_TASK ITEM_
Each line of the data below between the one containing "Gifts For Easter" and the one containing "21 of Our Best Easter Basket Ideas", both included, is to be repeated exactly. Please omit pictures.

_MATERIAL SUPPLIED_
----------------------------------------

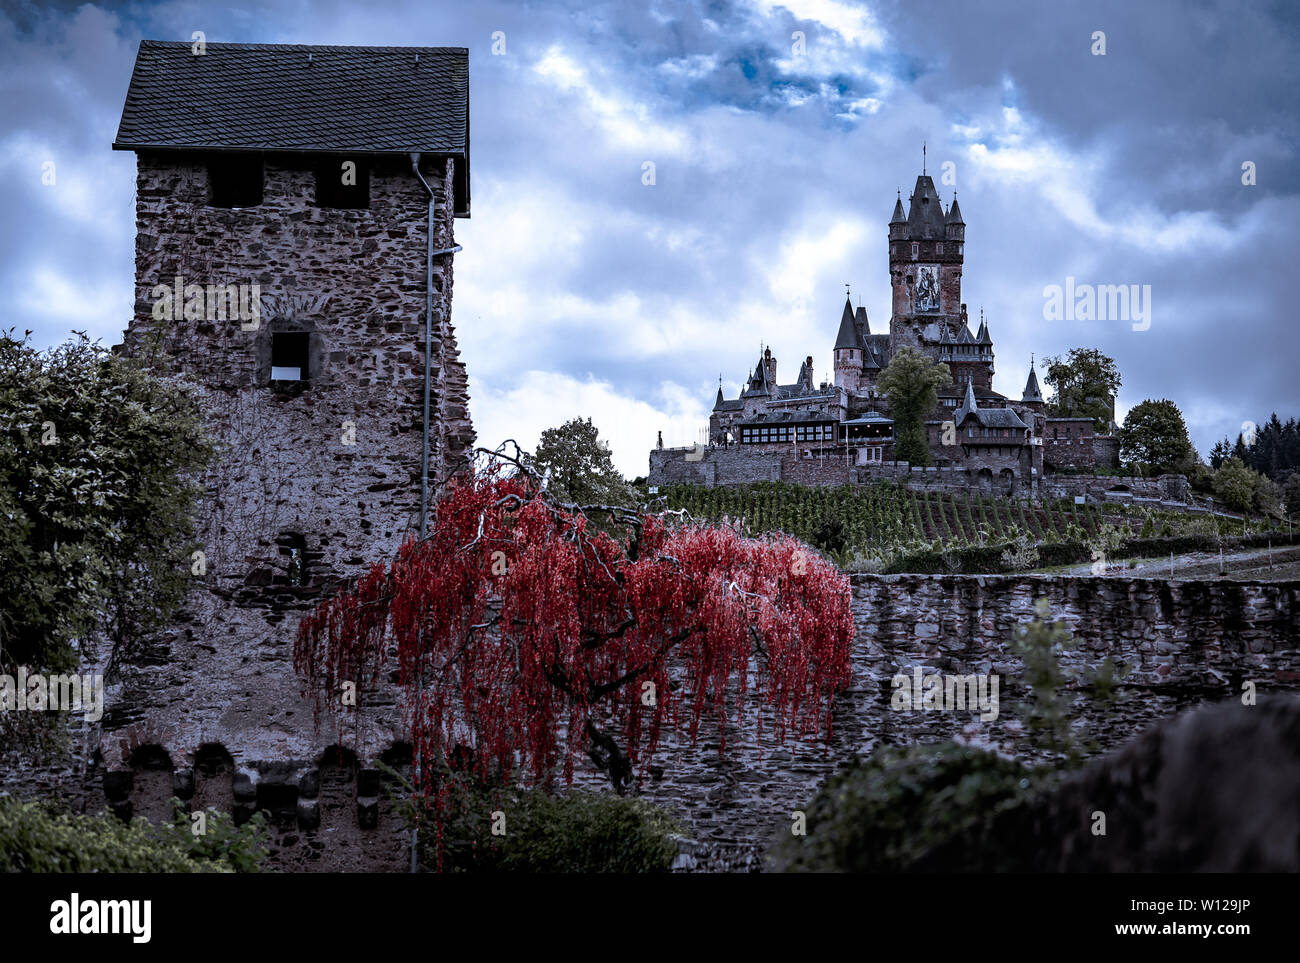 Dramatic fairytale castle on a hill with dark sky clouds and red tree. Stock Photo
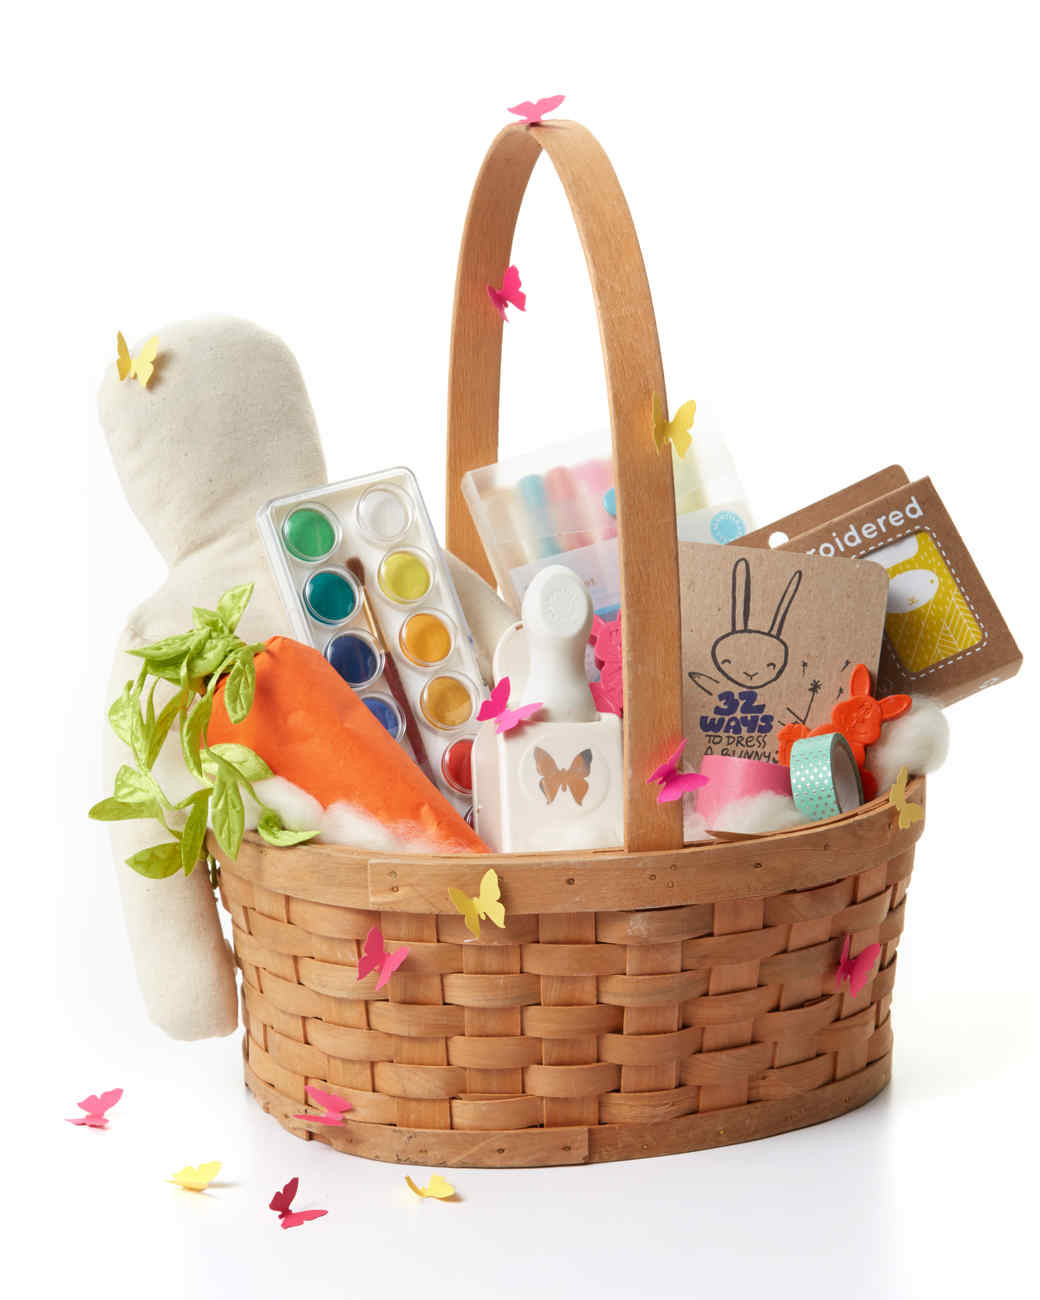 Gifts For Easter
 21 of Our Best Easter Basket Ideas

----------------------------------------

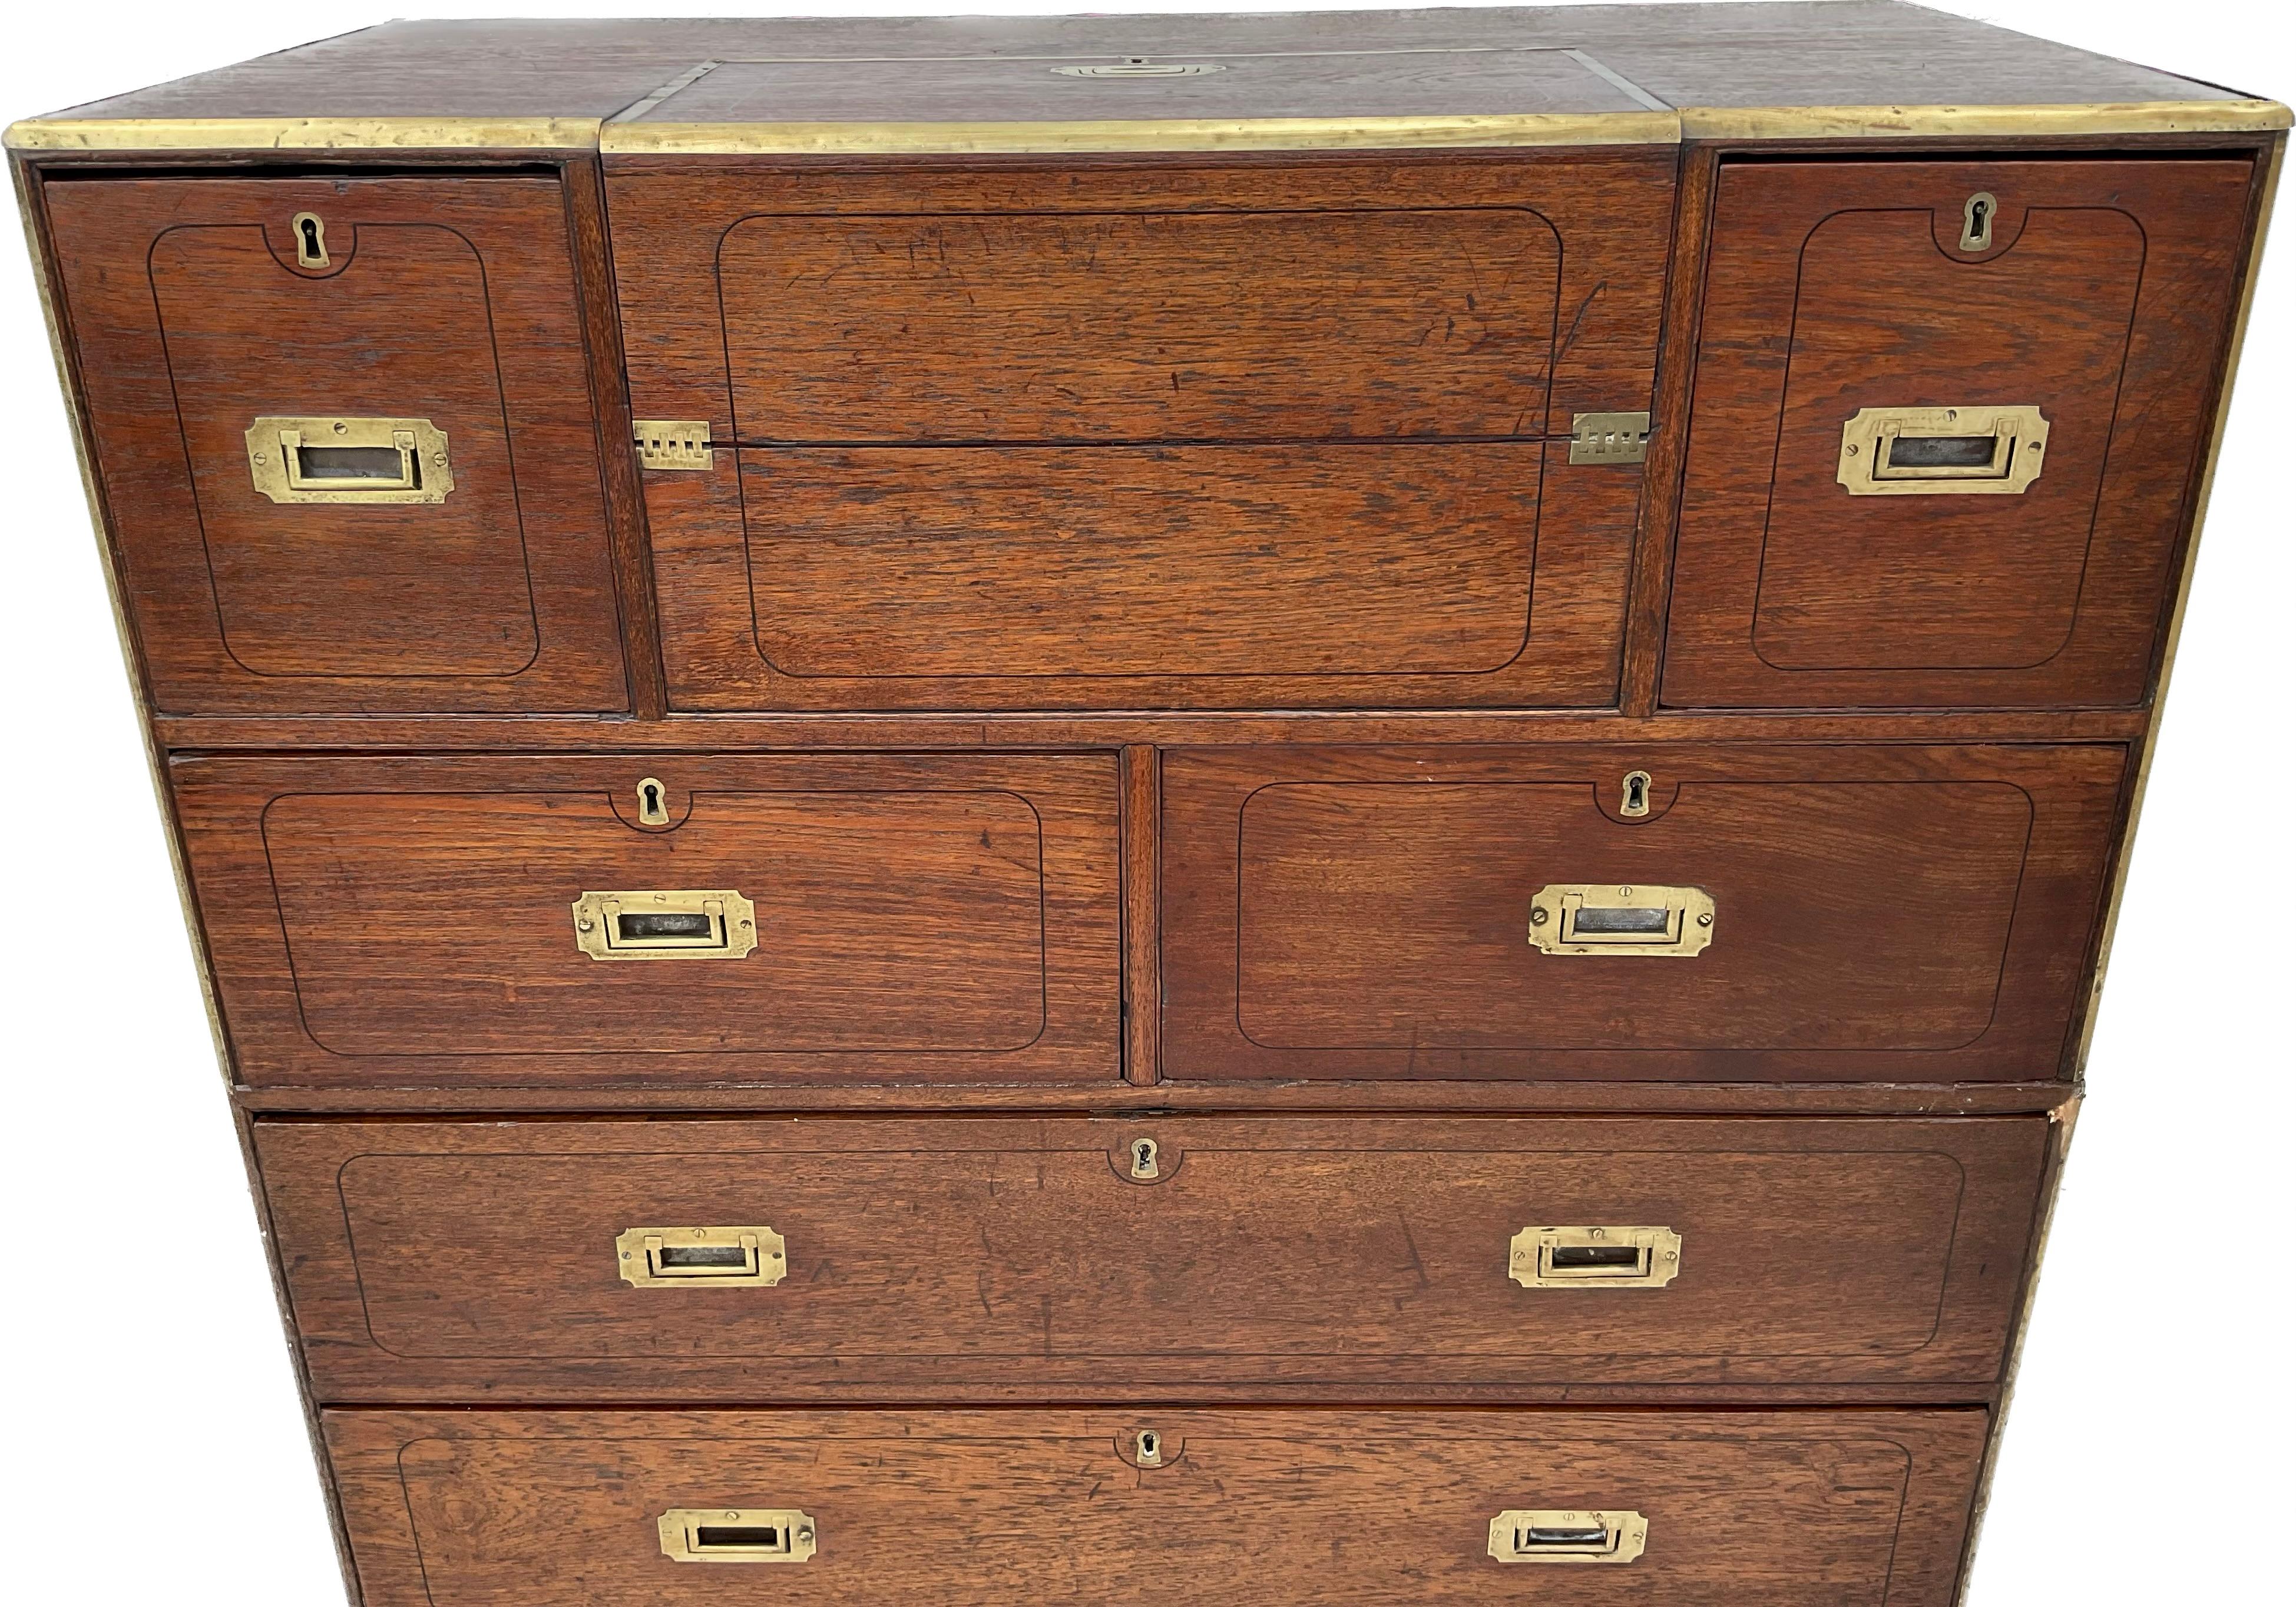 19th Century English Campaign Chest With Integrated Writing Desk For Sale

----------------------------------------

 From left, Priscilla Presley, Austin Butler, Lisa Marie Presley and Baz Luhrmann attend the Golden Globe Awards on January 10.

----------------------------------------

_TASK SOLUTION_
 Gifts For Easter
 21 of Our Best Easter Basket Ideas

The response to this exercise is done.